TASK ITEM :: A verbatim copy of the full data, with no pictures, is the expected answer.

───── RAW DATA ─────

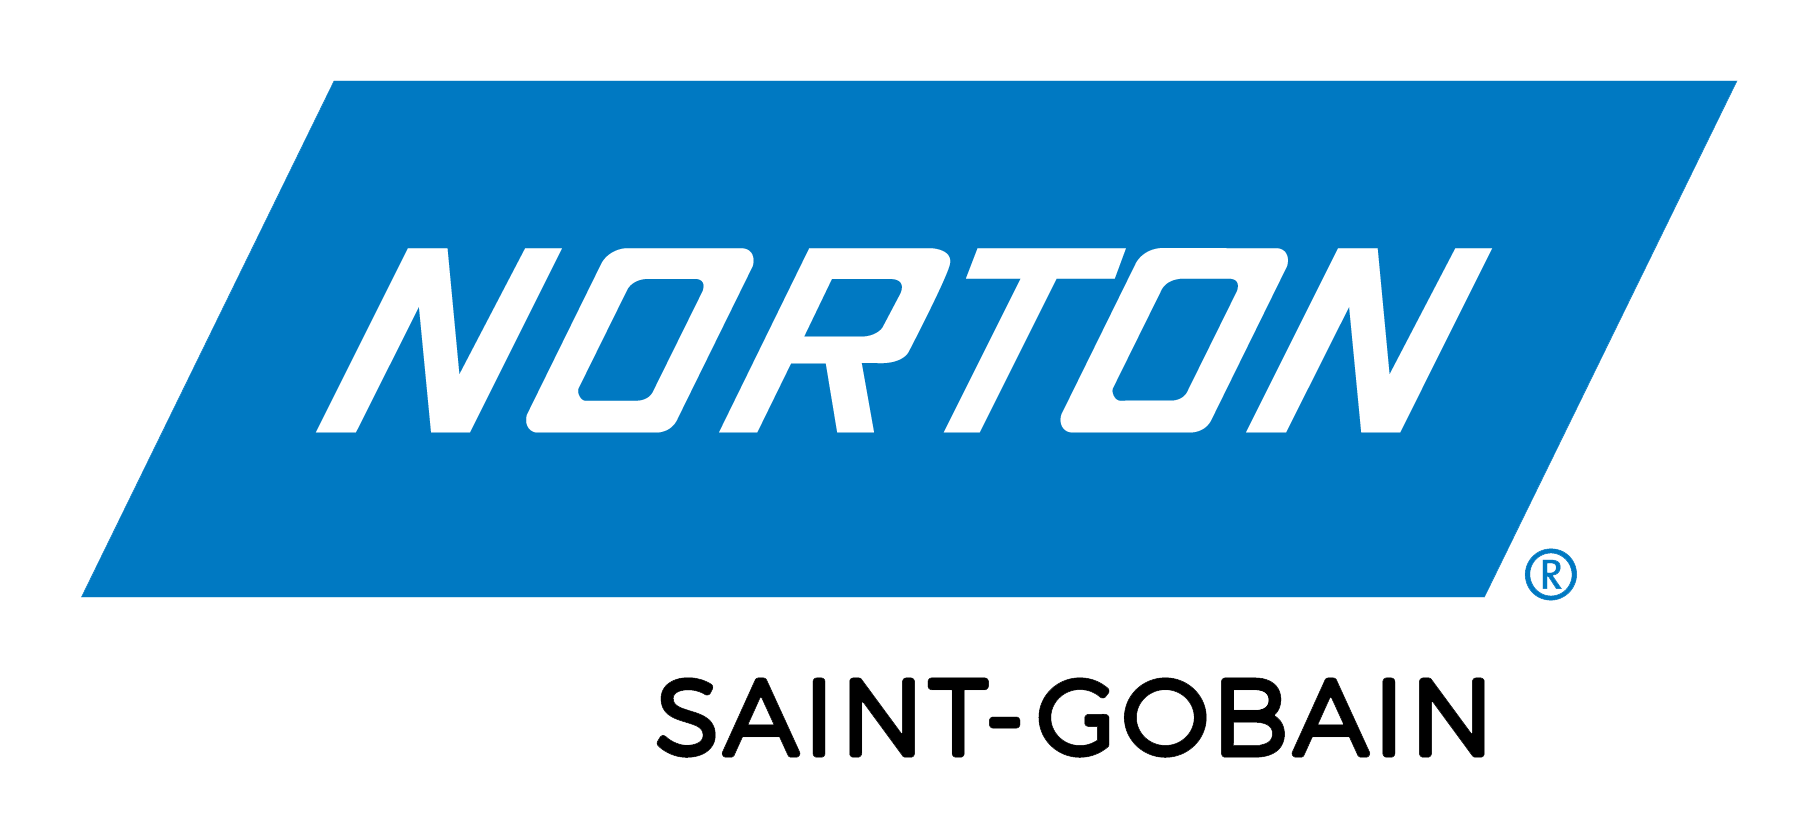 SG_Norton_logo_rgb_25
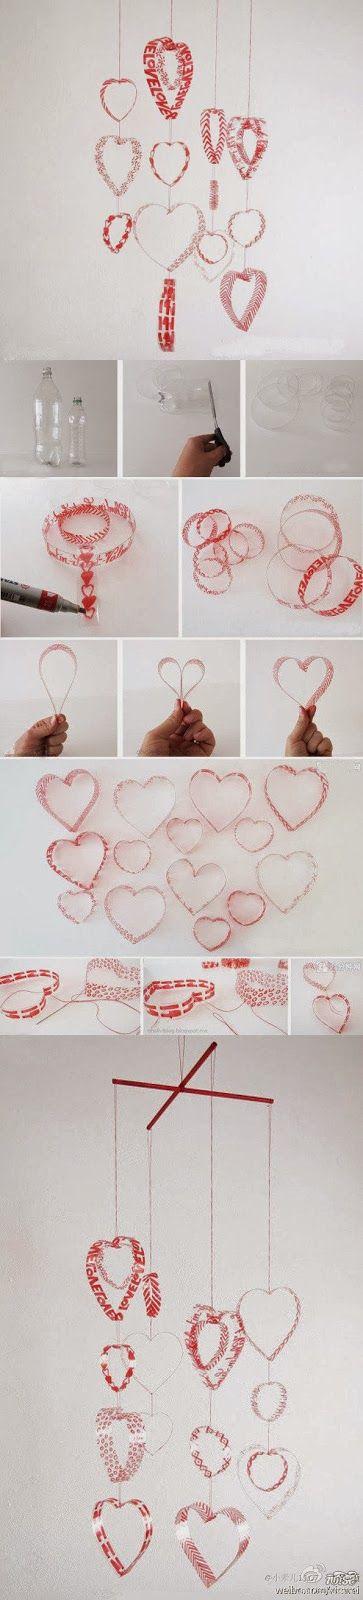 DIY : Plastic Bottle Heart Mobile | DIY & Crafts Tutorials
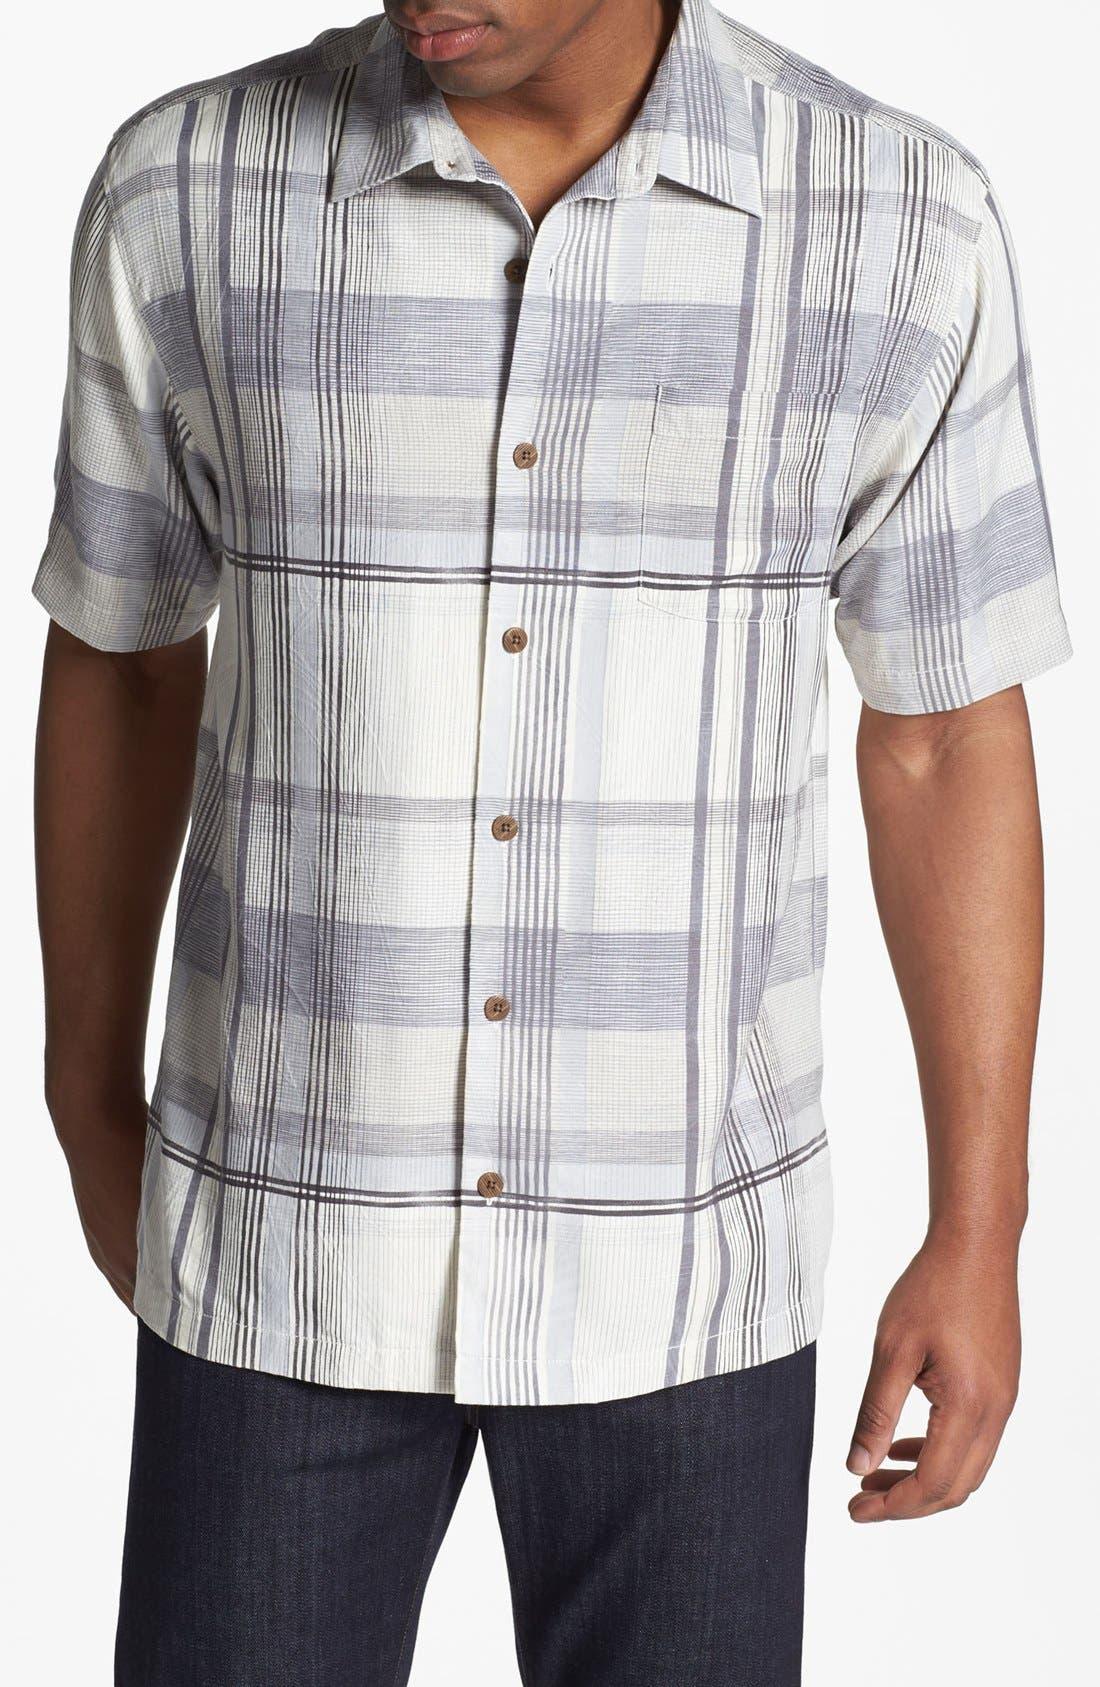 Alternate Image 1 Selected - Tommy Bahama 'Plaid Vallarta' Silk Campshirt

─────

SOLUTION TO THE EXERCISE ::
 SG_Norton_logo_rgb_25
 DIY : Plastic Bottle Heart Mobile | DIY & Crafts Tutorials
 Alternate Image 1 Selected - Tommy Bahama 'Plaid Vallarta' Silk Campshirt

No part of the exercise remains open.